Fernando Torres’ exit from Liverpool Football Club should have marked a sad day on in the history of the club. Instead, his shameful and impatient pursuit of money and perceived success marked the day when an idol transformed into a figure of hatred.
Torres will rue the day when he turned his back the fans who supported him when was at his lowest point and made excuses for his indifferent form when many other fans wouldn’t have.
As many have said already, what really cuts with Liverpool fans is the manner in which he conducted his transfer to the capital, spitting in the face of the club who were prepared to take a chance with him. Alex Ferguson and Jose Mourinho both turned their noses up at a serious move for the striker, considering him to be not prolific enough for the Premiership.
Had Torres quietly decided he would like to move on and thanked Liverpool for all they had done, the realists among us might have respected his decision.
Yet by choosing to go to the moral polar opposite of a club like Liverpool is maybe what grates most about Torres’ transfer.
One thing Torres will never experience again is the thrill of walking out on a massive european night at Anfield (and they will return) as a Liverpool player. Even his Chelsea teammates talk about how frightening it is to experience as an opposition player, Torres can now only look forward to the inevitable venom aimed towards him from The Kop on his return (the songs have been written already) rather than the adoration he has reveled in during the past three seasons.
The Kop are famous for greeting their own on their return playing for opposition clubs. During Torres time at Liverpool, we were believed to be just that, a true red with the liverbird engraved on his heart. Yet who would have thought it would be Ryan Babel who was the most respectful and courteous on his exit.
TIA columnist Aaron Cutler perfectly summed up LFC fans feeling towards Torres when quoted the Barcelona fans reaction to Figo making the switch to bitter rivals Real Madrid – “We hate you because we loved you so much“.
I propose LFC fans recreate this banner for the match on Sunday or Torres return to Anfield next season.
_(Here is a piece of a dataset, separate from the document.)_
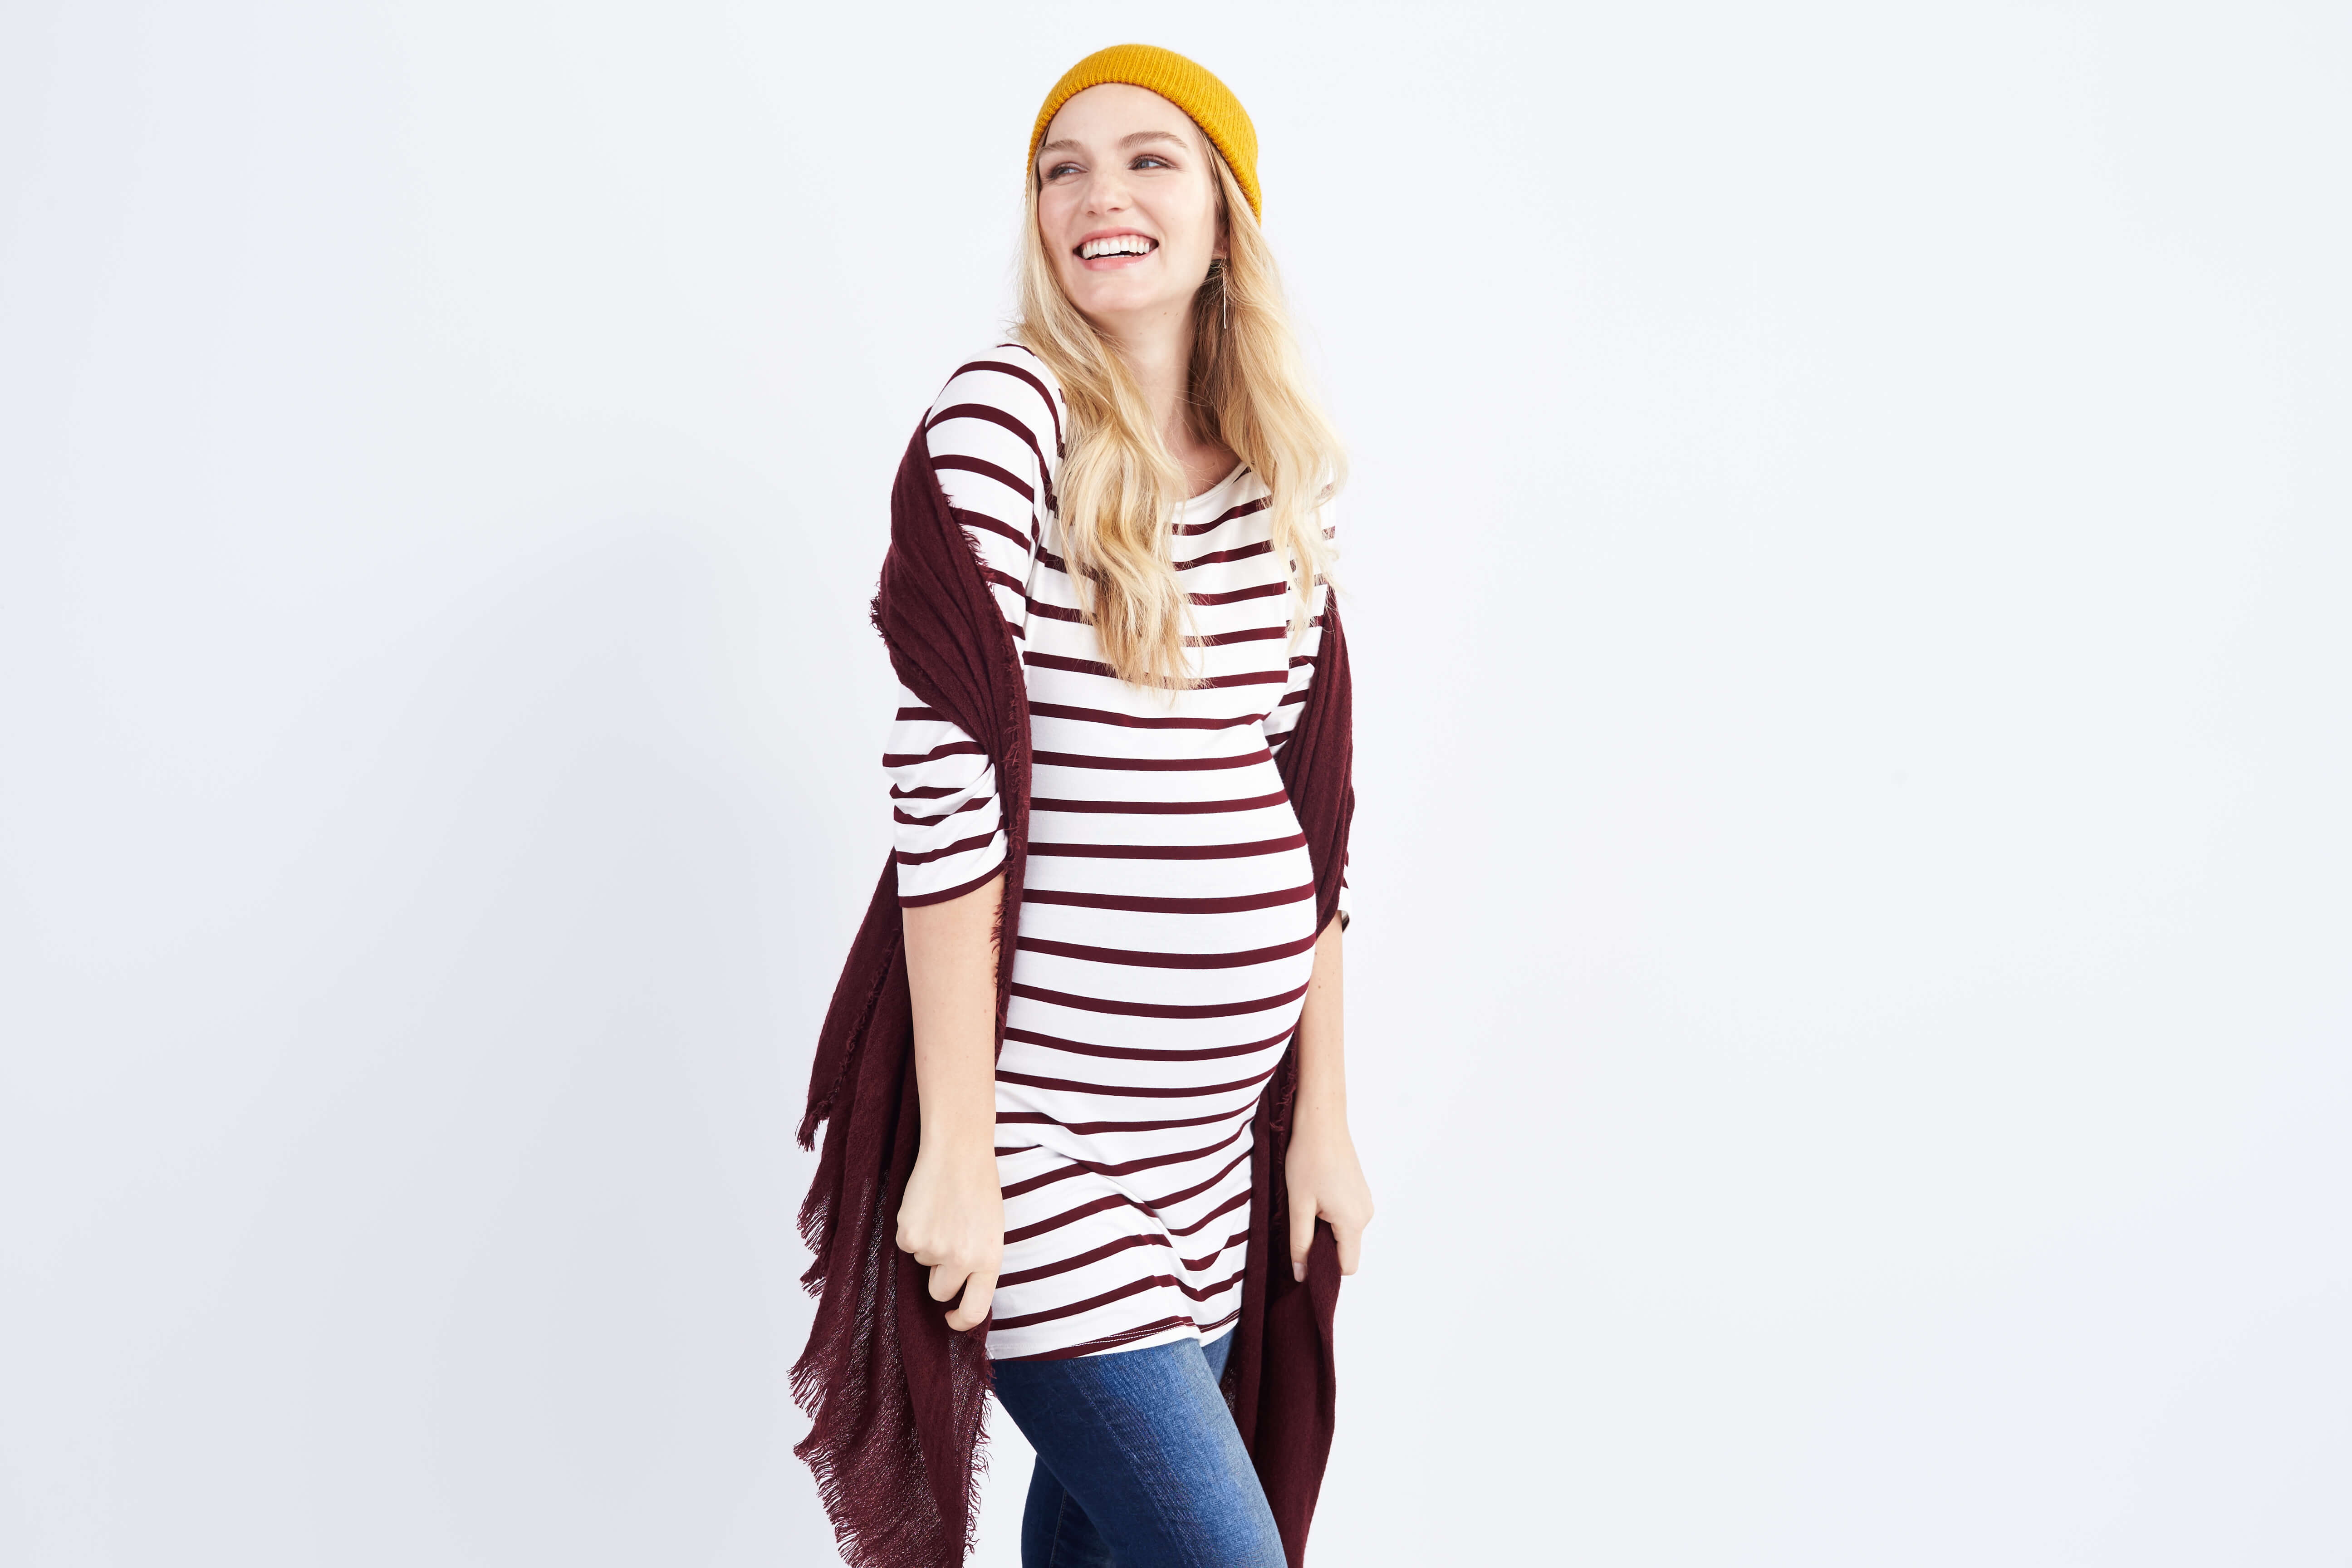 10 Maternity Style Tips To Maximize Your Wardrobe
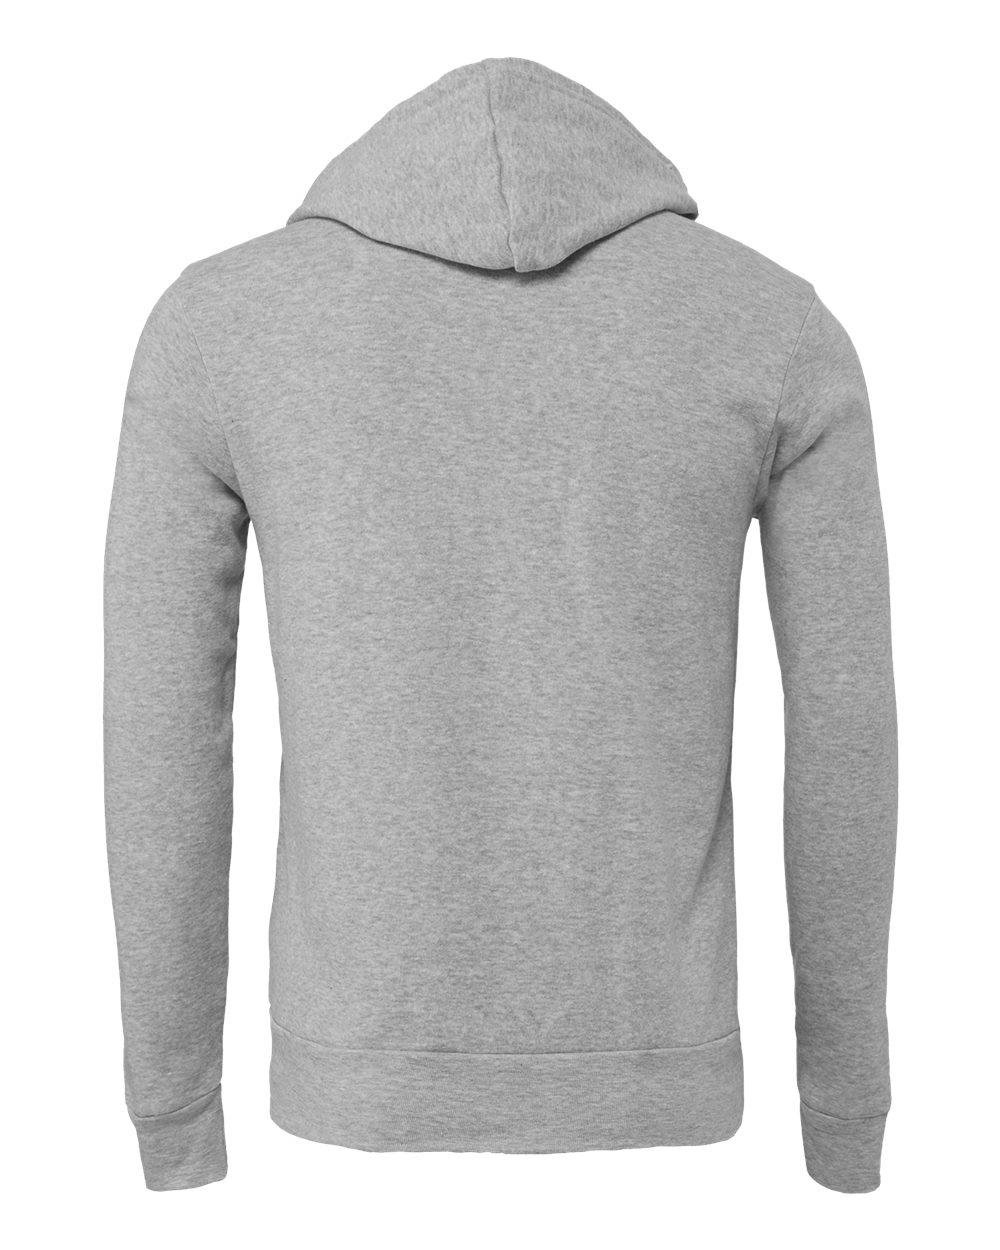 Bella-Canvas-Unisex-Sponge-Hooded-Pullover-Sweatshirt-Blank-3719-up-to-2XL thumbnail 9

Hopefully the team and the fans can give him a swift what he has really given up on and off the pitch.
Rather than dwell on what is now the past, LFCs quick movement swooping for the potentially lethal combination of Luis Suarez and Andy Carroll show FSGs shred business and sporting nous.
Suarez’s pace, ingenuity and goal-scoring threat coupled with a battering ram of a striker in Andy Carroll has the potential to be one of the most formidable strike-forces in England and with time on their side both being on the right side of 25.
Comparisons to Kevin Keegan and John Toshack would not be unfounded as both players possess eerily similar attributes to their predecessors.
Such a partnership would see Dalglish revert back to the 442 (on paper) formation that brought him so much success, pass and move football, players interchanging, simple but very effective.
Steven Gerrard could also be given a new role, one similar to what Peter Beardsley played when he was at the club.
Many point to the fact that Gerrard is more effective higher up the pitch but with two players up top for opposition defenders to deal with, he should pose even more of a threat.
By playing a deeper role he will be arriving later in the box giving defenders less time to nullify him as a threat, something that often happened when he was playing with Torres as part of a front two, he was marked to closely and therefore become isolated from Torres.
Liverpool are on the rise; the past few years that blighted the club are old news, we have new owners who are willing to invest, a squad of hungry players who crucially want to play for the club, a talented manager and an encouraging youth set-up.
I for one I’m looking forward to seeing the new look Liverpool in action and forgetting about Fernando Torres as quickly he forgot about us.